The federal government would financially reward states that made the most progress on their state tests, as confirmed by the National Assessment of Educational Progress, a federally mandated testing program. And it would cut aid to administer federal education programs for those that failed to improve. States, districts, and schools also would be responsible for improving test results and closing the achievement gap between groups of students.
‘Reproduce the Status Quo’
But the proposal is slowly being whittled away on Capitol Hill. The Senate bill, S 1, which would reauthorize the Elementary and Secondary Education Act, calls for a “system of high-quality, yearly student assessments,” but does not specify that the tests be comparable across districts or grades within a state. The House bill, HR 1, which the House education committee began marking up last week, contains similarly vague language and would allow states to confirm their progress with tests other than NAEP.
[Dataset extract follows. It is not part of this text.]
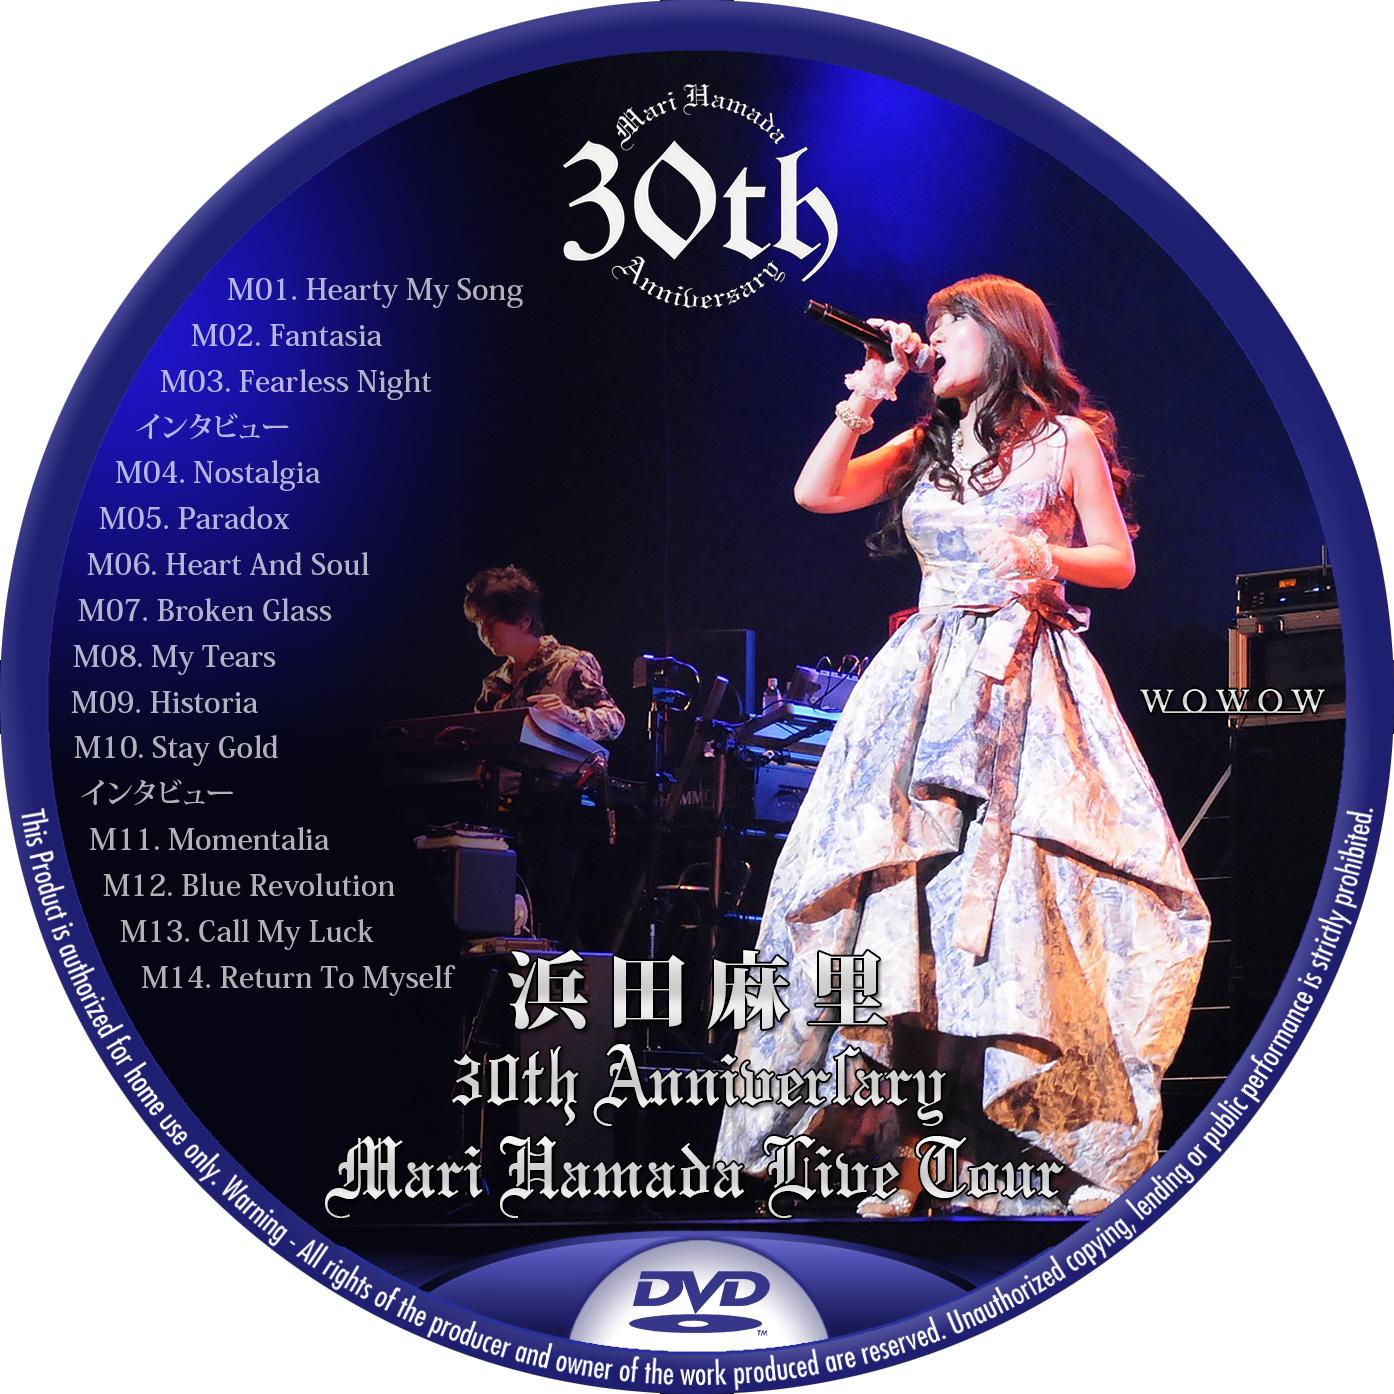 浜田麻里 WOWOW DVDラベル
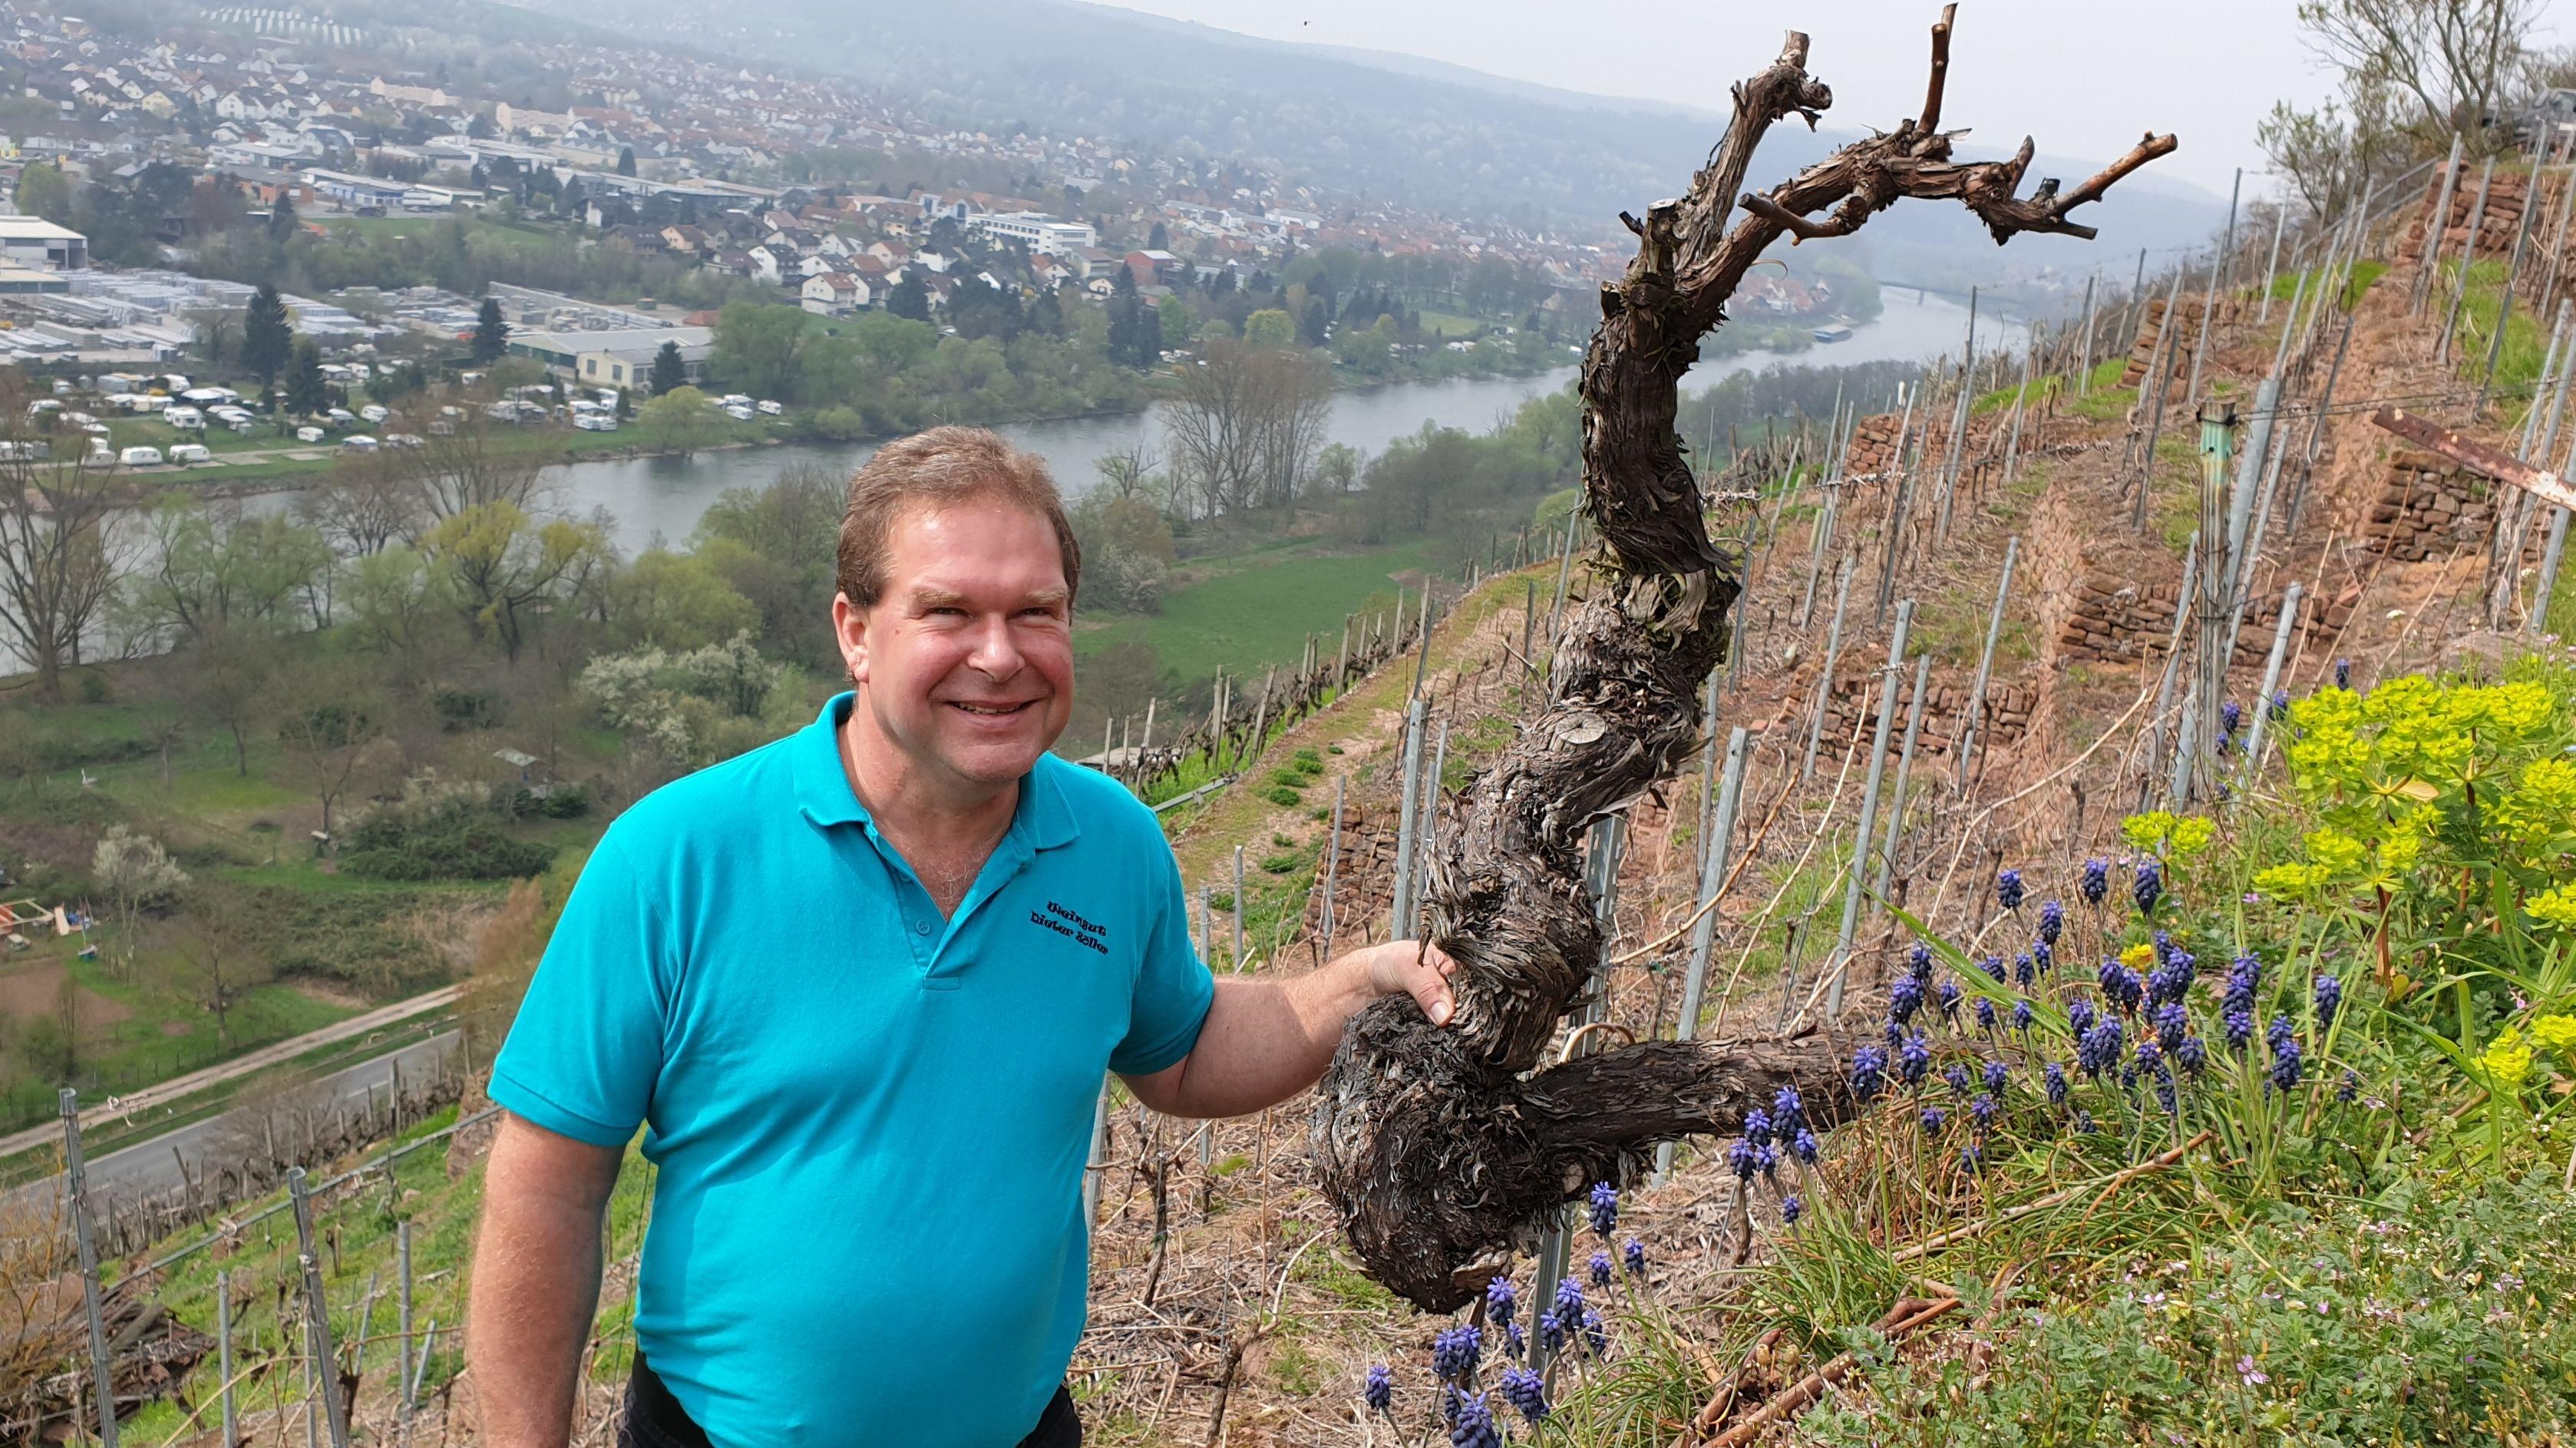 Winzer Dieter Zöller in seinem Weinberg am Erlenbach am Main.

“I don’t know what the point of it is,” said Diane Ravitch, a former assistant secretary of education in the previous Bush administration. “It would, in effect, reproduce the status quo and probably add more testing, much of it redundant and very little of it comparable.
“We’ll have lots of scores,” she continued, “but if you can’t compare them to each other, what will be the value to be gained? A lot of money will be spent to produce tons of data for no purpose.”
Gordon M. Ambach, the executive director of the Council of Chief State School Officers, argues otherwise. “The federal interest here is in accountability related to the use of federal funds,” he said. “In our judgment, to meet the federal requirement ... it is not essential to have six separate data points for reading and math for every year from virtually every schoolroom in the country.”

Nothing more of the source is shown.